Likewise, FedEx offers additional forms of compensation that seem to be inconsistent with an independent contractor scenario. For instance, the company matches contributions to the “Service Guarantee Account,” which is an interest-bearing fund that allows a driver to save for unexpected expenses and may be withdrawn at the driver's discretion; it offers a college scholarship for drivers with children; and it maintains a time-off program based on seniority. 734 F.Supp.2d at 567–68.

13. The Extent to Which FedEx Pays Drivers' Expenses

Drivers are responsible for all costs and expenses associated with their vehicles, including maintenance, fuel, taxes, and insurance. 734 F.Supp.2d at 565. Fed Ex does not pay any expenses related to health insurance, welfare, pension, income taxes, unemployment insurance premiums, or Social Security taxes. 734 F.Supp.2d at 568. This factor weighs heavily against a finding of an employer/employee relationship.

14. The Degree to Which FedEx Furnishes Tools, Equipment, and Material

Ordinarily, one expects an independent contractor to possess the tools, equipment, and materials necessary to fulfill its obligations under the contract.
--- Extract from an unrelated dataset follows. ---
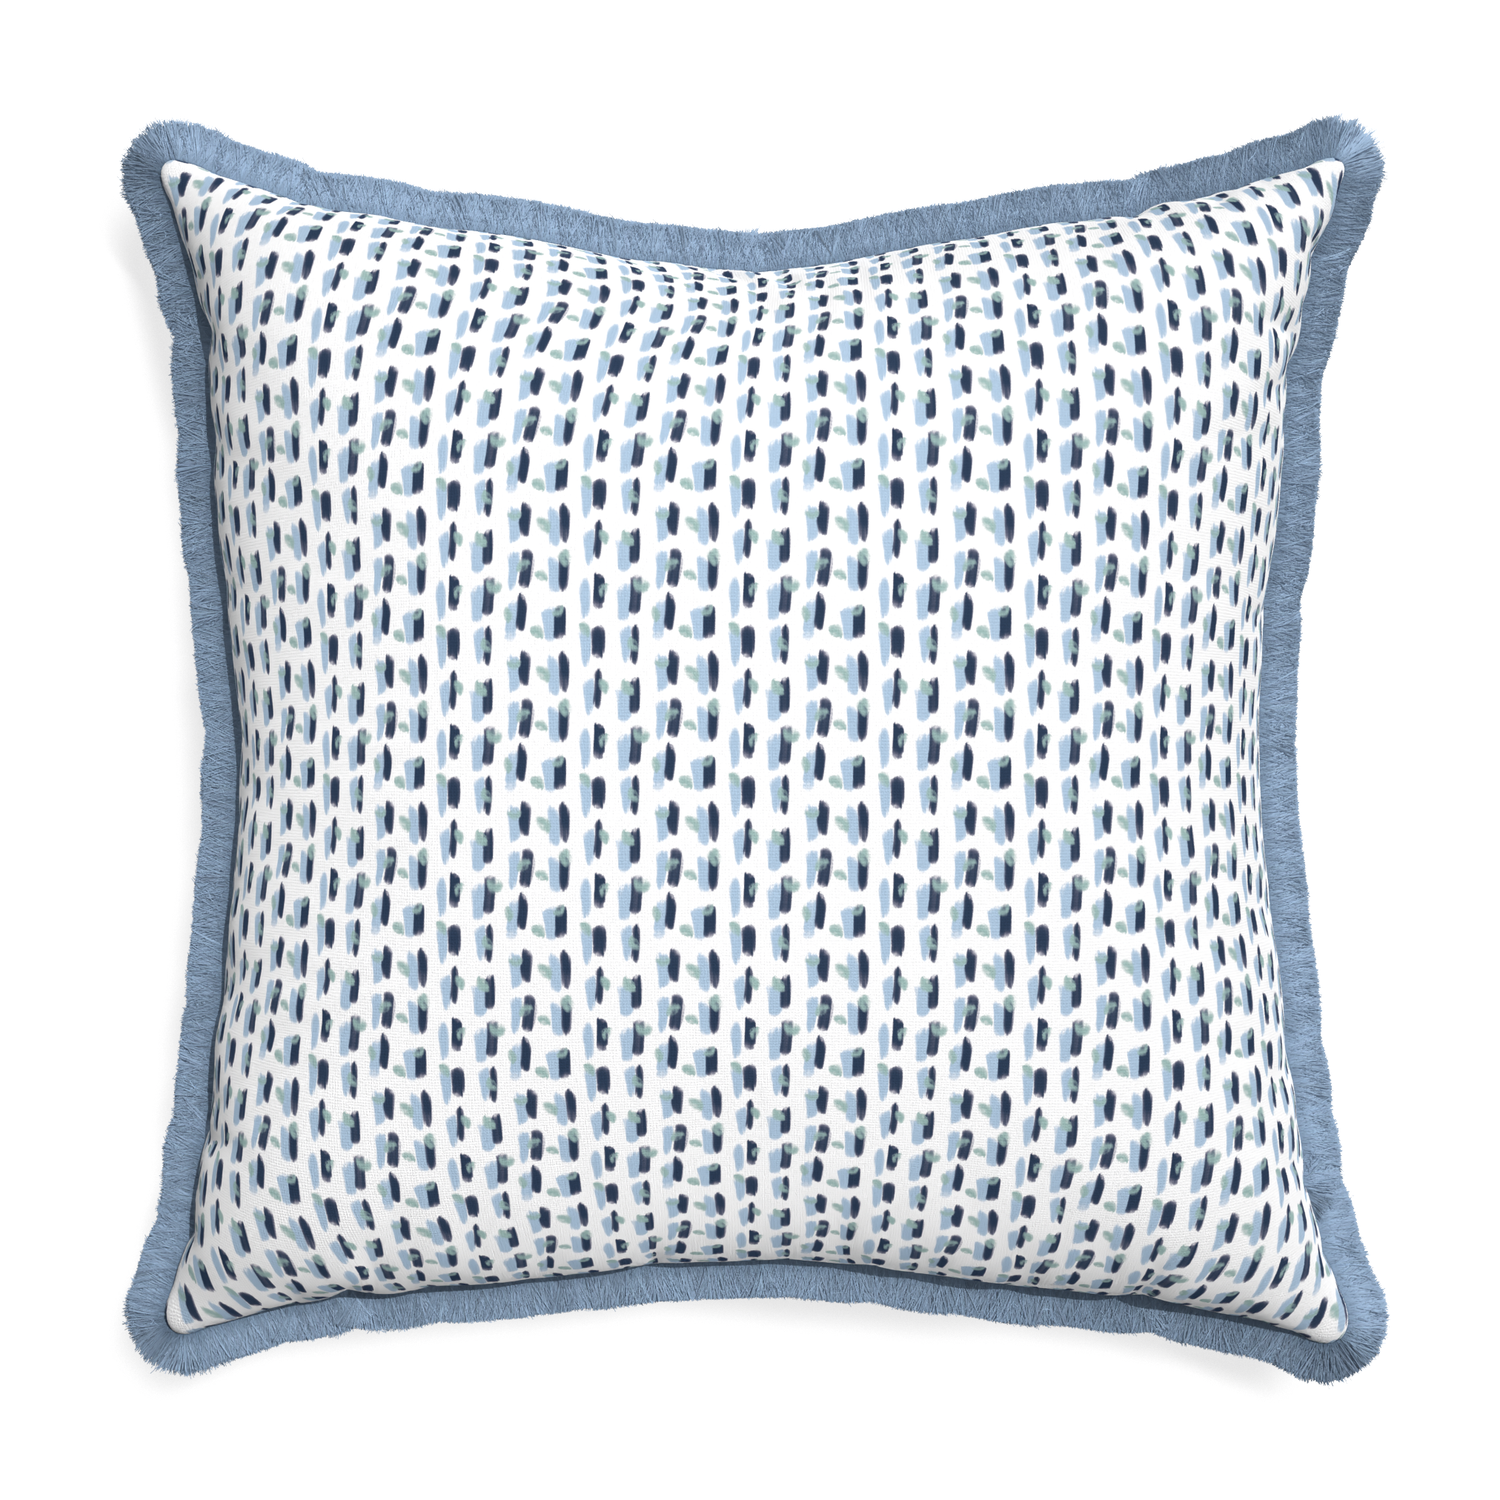 Euro-sham poppy blue custom pillow with sky fringe on white background

Often, the principal would not, as a matter of course, have occasion to possess the tools, equipment, and materials necessary for the contracted job.

Here, FedEx requires the plaintiff drivers to purchase all of the tools, equipment, and materials necessary to perform their services under the OA. Specifically, drivers are required to purchase trucks, uniforms, scanners, printers, and communications-related equipment. 734 F.Supp.2d at 566. Pointedly, most of the items that the drivers are required to purchase are unique to FedEx's everyday operations rather than being necessary items for generic delivery drivers. For instance, the drivers, as independent contractors, could not use FedEx's uniforms or scanners to move furniture after hours. In other words, the fact that the worker owns his or her own tools and equipment is not as compelling a factor when that ownership is not for the benefit of the worker.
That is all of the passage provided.